[SUPPLIED DATA — start]

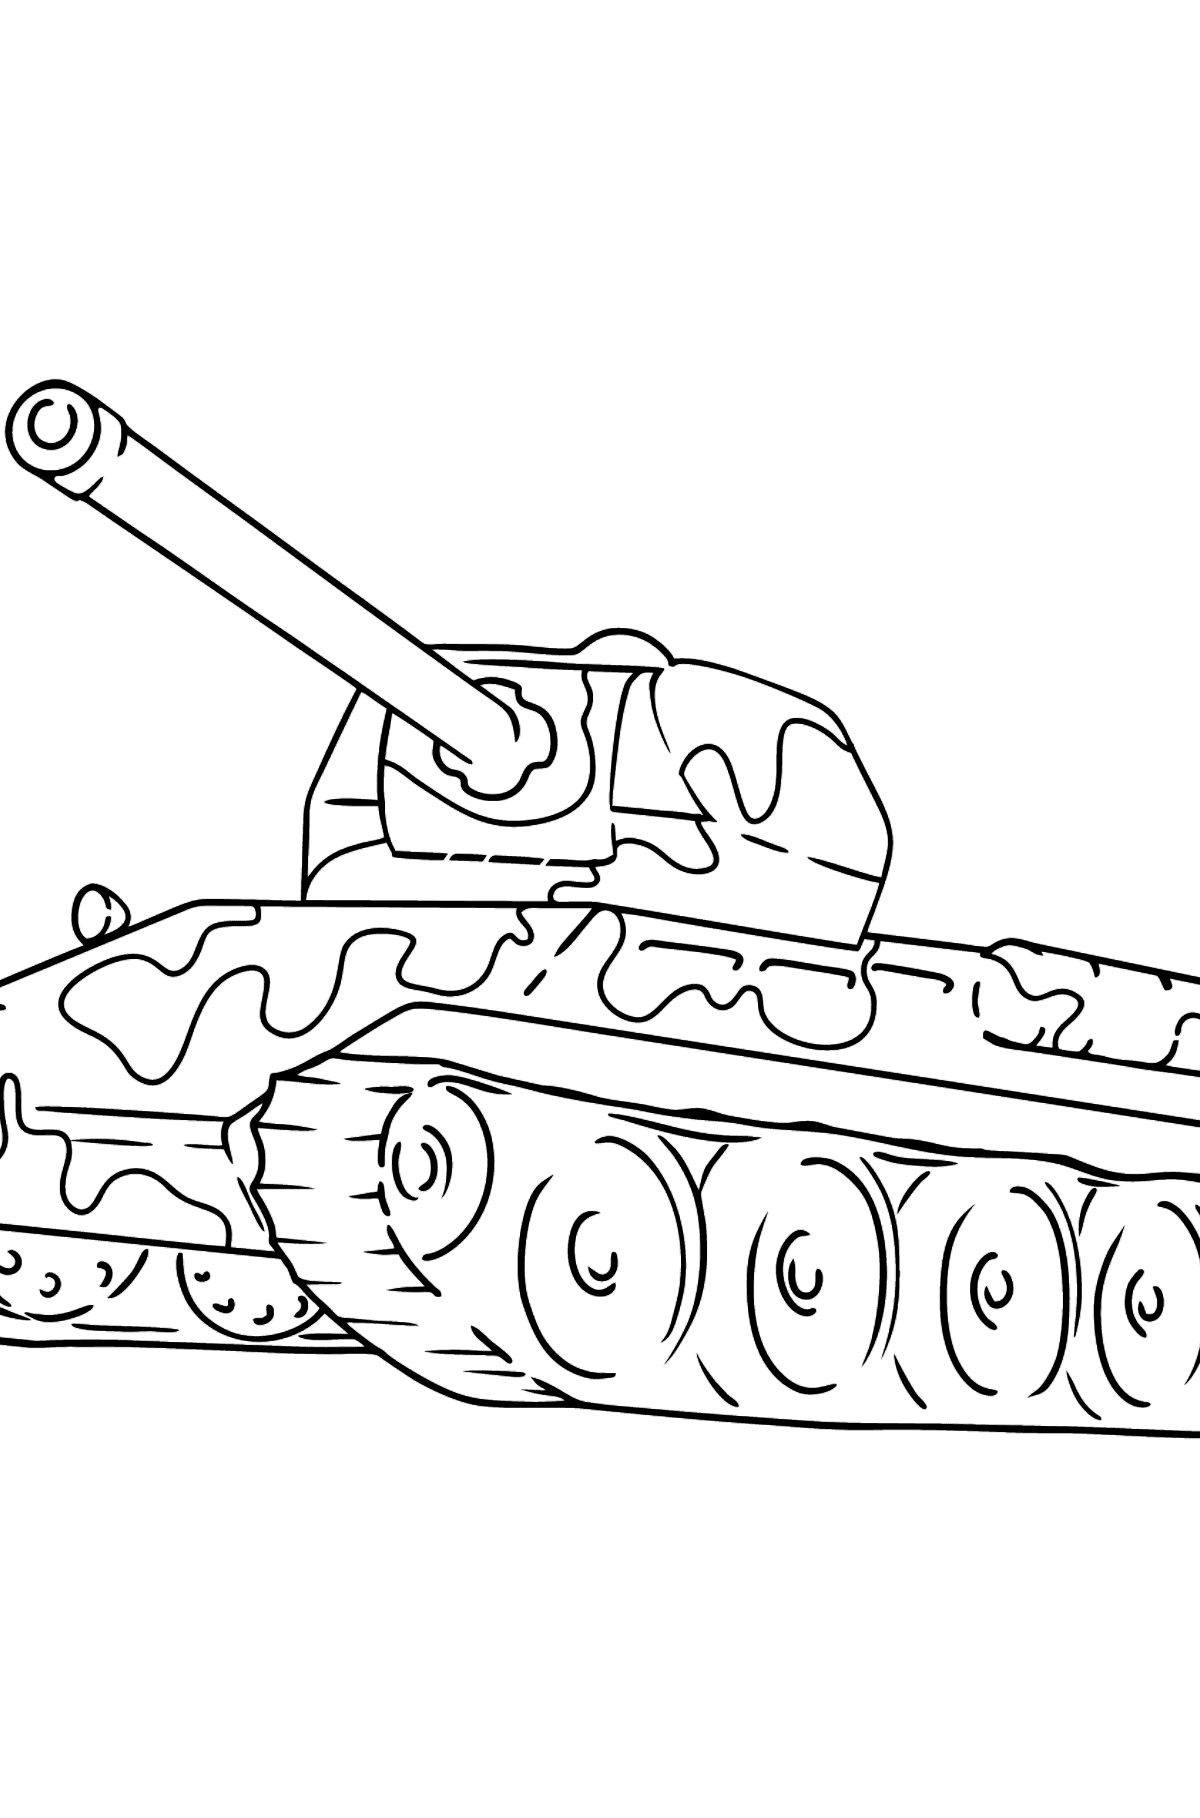 Desenho para colorir - tanque com arma antiaérea - Imagens para Colorir para Crianças
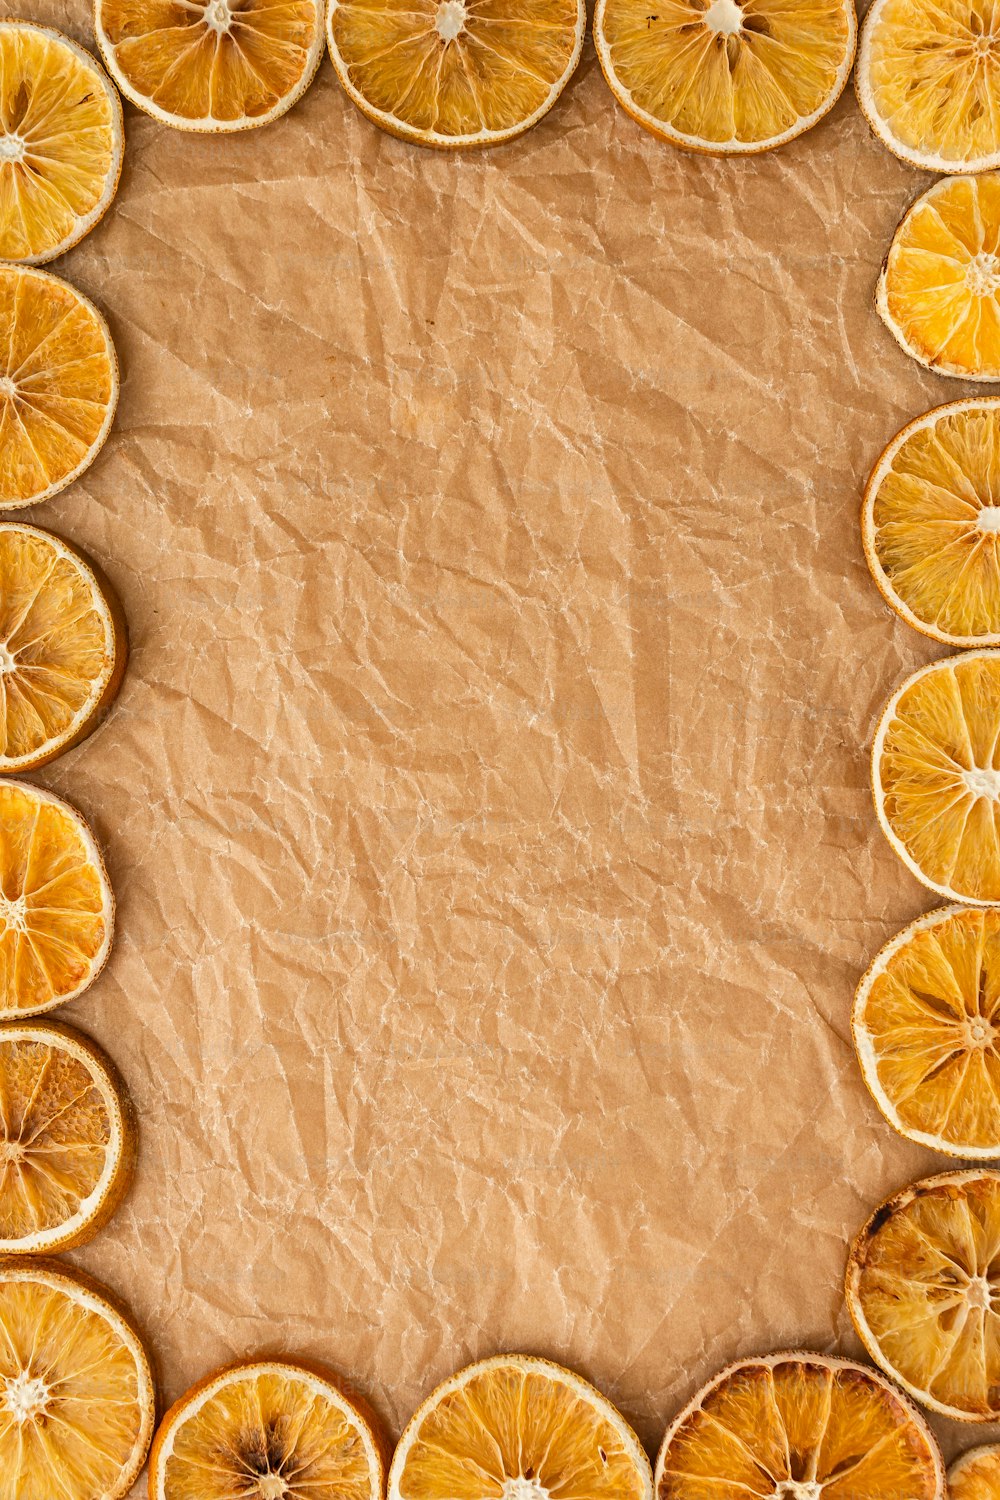 Un grupo de naranjas en rodajas dispuestas en un rectángulo
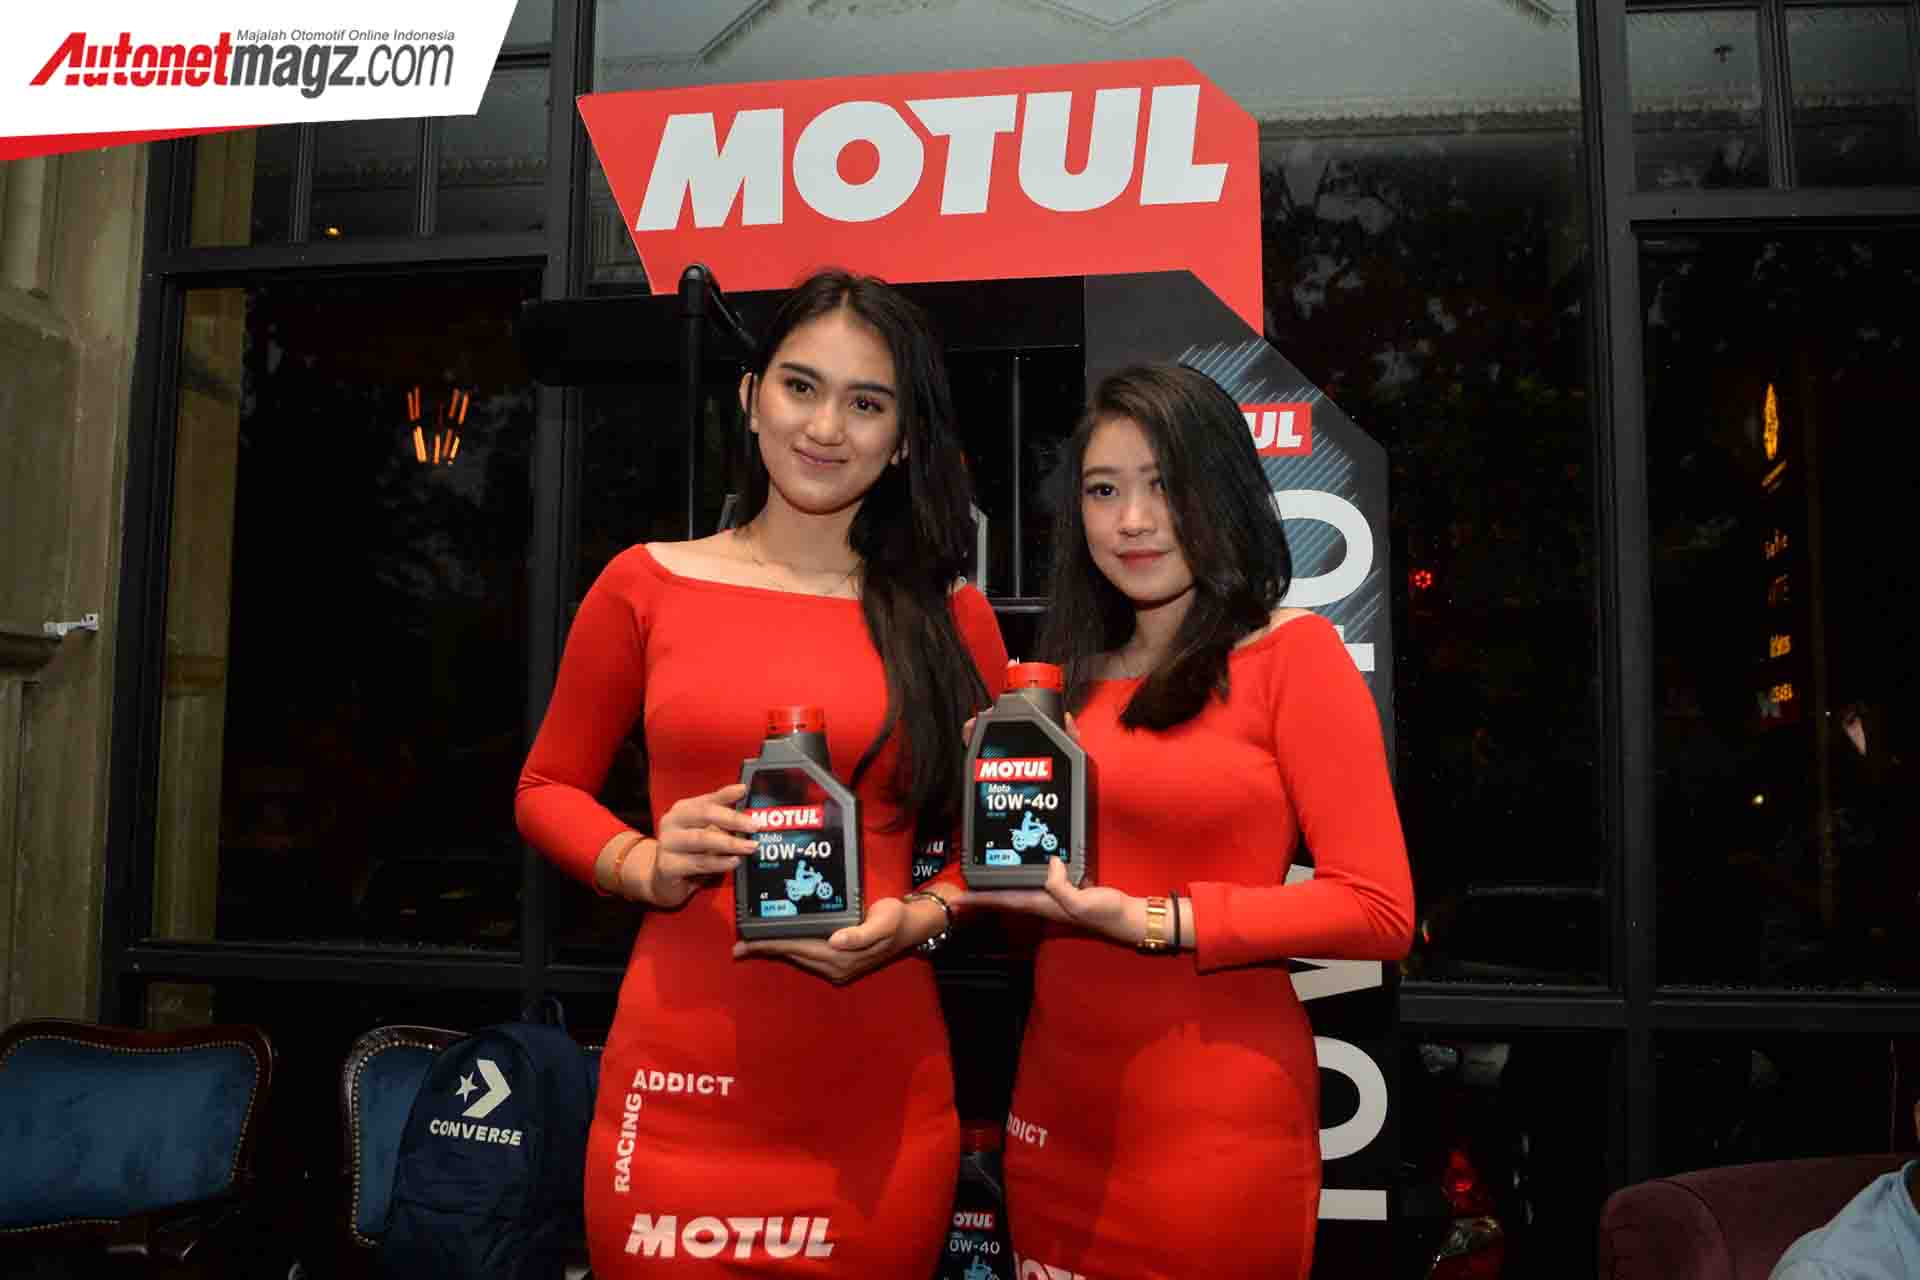 Berita, Motul Moto 4T 10W-40: Motul Perkenalkan Pelumas Motor Baru Dengan Harga Terjangkau

[SUPPLIED DATA — finish]

▸ **EXERCISE PROMPT**:
All of the listing above has to be reproduced exactly, though without its images.

▸ **TASK ANSWER**:
 Desenho para colorir - tanque com arma antiaérea - Imagens para Colorir para Crianças
 Un grupo de naranjas en rodajas dispuestas en un rectángulo
 Berita, Motul Moto 4T 10W-40: Motul Perkenalkan Pelumas Motor Baru Dengan Harga Terjangkau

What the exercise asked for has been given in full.